Mike’s crossing of the outback was by no means the most isolated he has felt. He once spent eight days crossing the Alaskan wilderness near Mount McKinley, during which time he saw nobody at all. “I was on my own, the temperature was down to minus 30, grizzly bears were coming out of hibernation – and I was making my way through waist-deep snow at half a mile an hour.”

But he felt equal to the challenge, and believes every experience makes him stronger.

“The more frustration that you have to cope with and truly get out of on your own, the more resilient you become. And you don’t put yourself back into a situation like that unless you know you can cope.”

“Stop calling me Sir Wilfred”

He was prompted to go to Alaska, as with the Australia expedition, by reading a book: this time Into the Wild by Jon Krakauer, which a member of the public sent to him after Castaway 2000. “It only takes something like that to spark me off – much to the annoyance of some people in my life.

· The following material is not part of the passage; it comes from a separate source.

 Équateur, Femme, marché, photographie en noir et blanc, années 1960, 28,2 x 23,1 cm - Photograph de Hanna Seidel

If something grabs me, I’ll do some research and just go.”

Another inspiration was the late explorer Sir Wilfred Thesiger. Mike discovered that Thesiger was living in an old people’s home near where he lives in Surrey while researching how to cross the Danakil desert in Ethiopia. Thesiger had witnessed Haile Sellassie’s coronation, fought against Rommel in Northern Africa and been to many of the world’s most forbidding places. But getting him to talk about them was a skill that required some practice. “He was an amazingly gentle man – very courteous, very modest.” He also disliked excessive formality. “For goodness sake,” the distinguished explorer once implored Mike. “Stop calling me Sir Wilfred.”

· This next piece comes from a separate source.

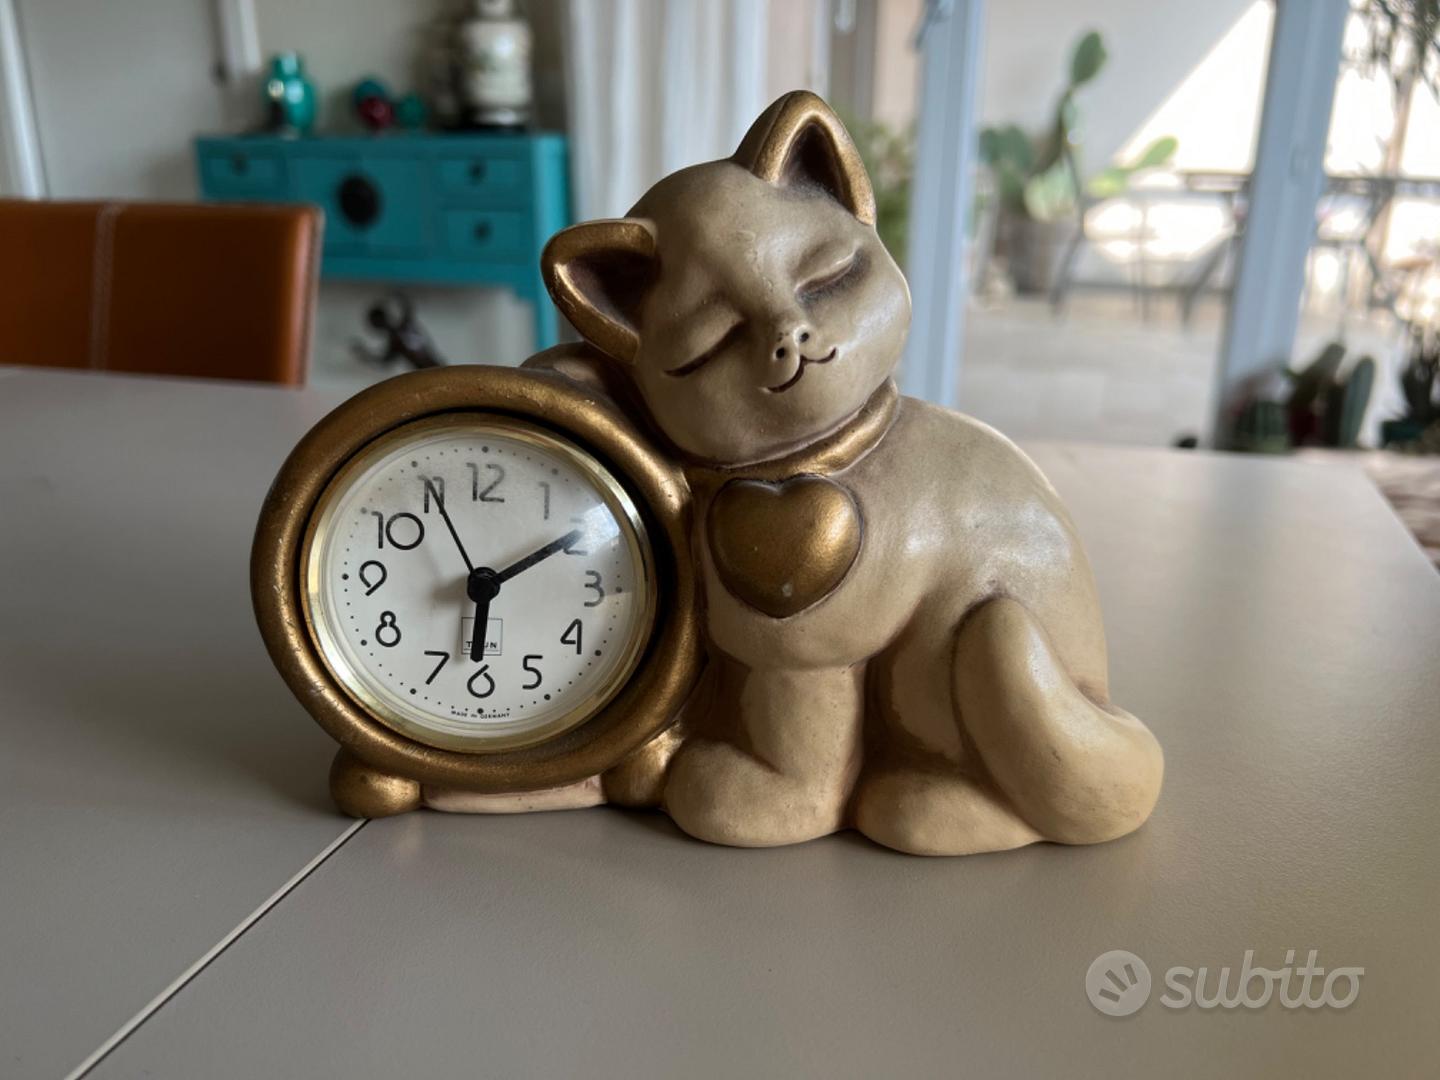 thun gatto con cuore oro e orologio da tavolo - Arredamento e

Thesiger is one of few people who have managed to gain real access to the Marsh Arabs of Iraq – a community Mike is set to visit this winter in order to lay the foundations for charitable work in the area. The Marsh Arabs suffered hugely after Saddam Hussein drained the wetlands following the 1991 uprising. The sea is now encroaching on the land and the date palm crops the people rely on are dying, threatening their way of life. Mike will be working on several projects, including a desalination plant, and hopes to be able to provide drinking water for the area.

Charity work is a large part of Mike’s life. He is CEO of Maroc around the Clock, which began running projects in Morocco before becoming pan-African, and recently, extending its reach globally. He is also a trustee of the Scientific Exploration Society, which combines environmental, community-based and healthcare projects with archaeological and research studies.

In all, Mike’s work and travelling has taken him to 75 countries – but as he points out, that’s only a third of the world. In addition to his immediate plans with the Marsh Arabs, Mike’s longer term ambitions include walking across Greenland and photographing the Arctic.

It may sound like he has a lot of things to be getting on with – but Mike wouldn’t have it any other way. “I would be a wilted flower without doing this,” he says. “I’d just crumple. This is how I like to be.”